→ Given material

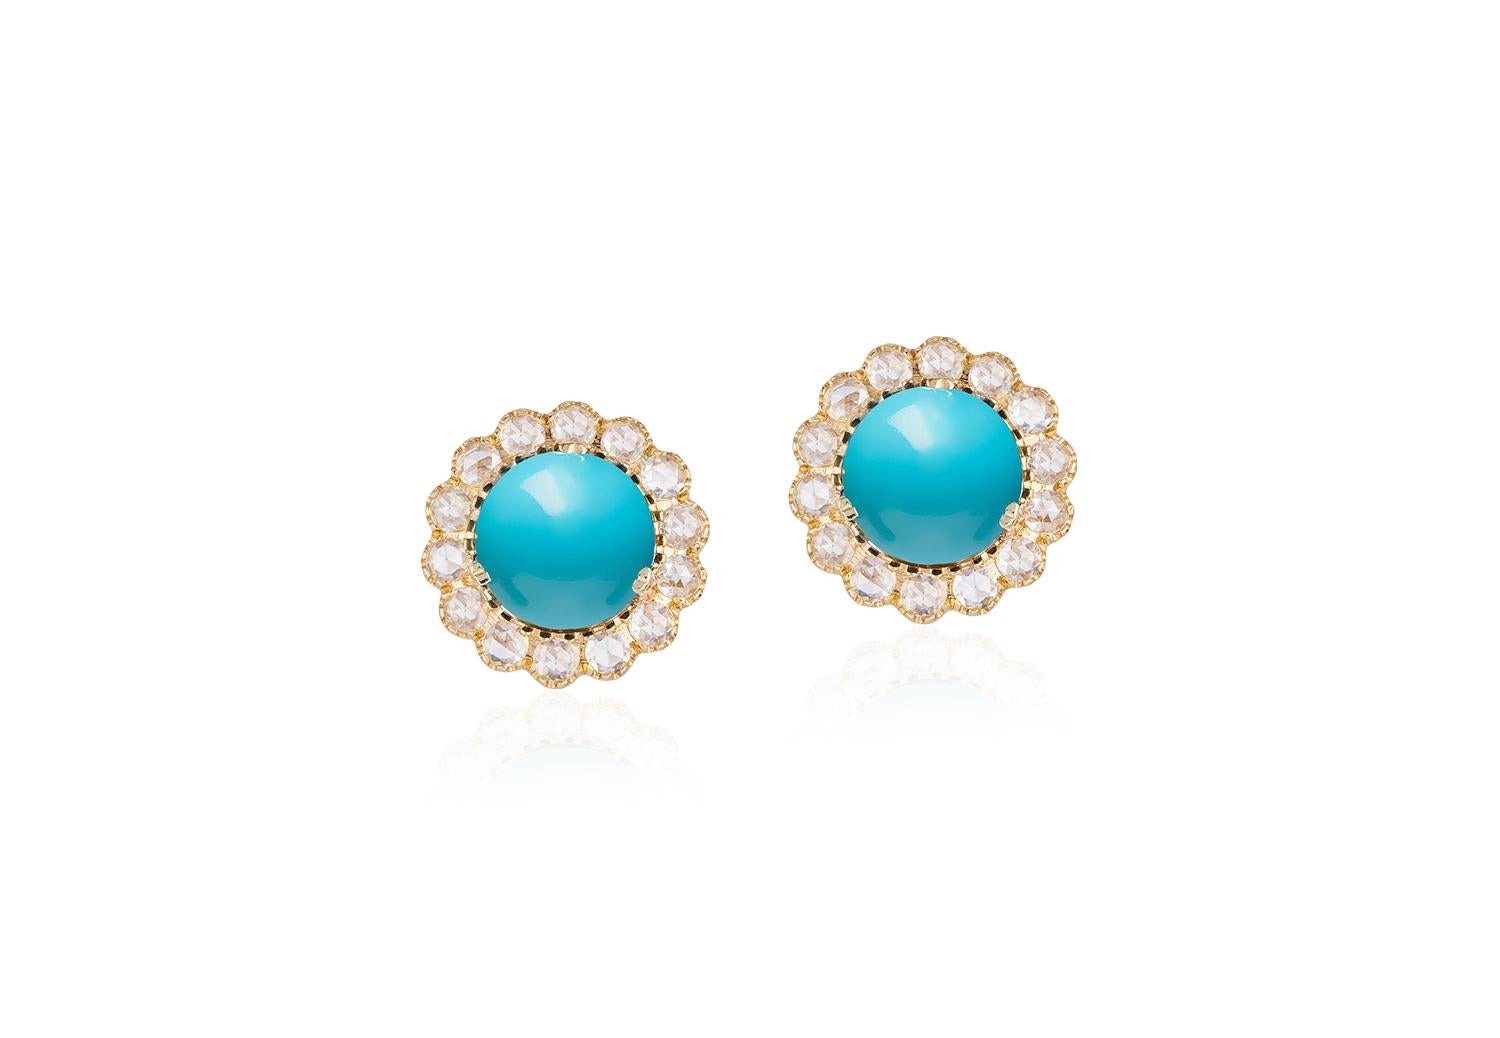 Turquoise Cabochon Earrings in 18K Yellow Gold with Rose Cuts Diamonds, from 'Rock 'N Roll' Collection 

Stone Size: 12 mm 

Diamonds: G-H / VS, Approx. Wt.: 1.23 Carats

→ How to complete this task
Each line of the data should be quoted exactly, with pictures left out.

→ Expected answer
 Turquoise Cabochon Earrings in 18K Yellow Gold with Rose Cuts Diamonds, from 'Rock 'N Roll' Collection 

Stone Size: 12 mm 

Diamonds: G-H / VS, Approx. Wt.: 1.23 Carats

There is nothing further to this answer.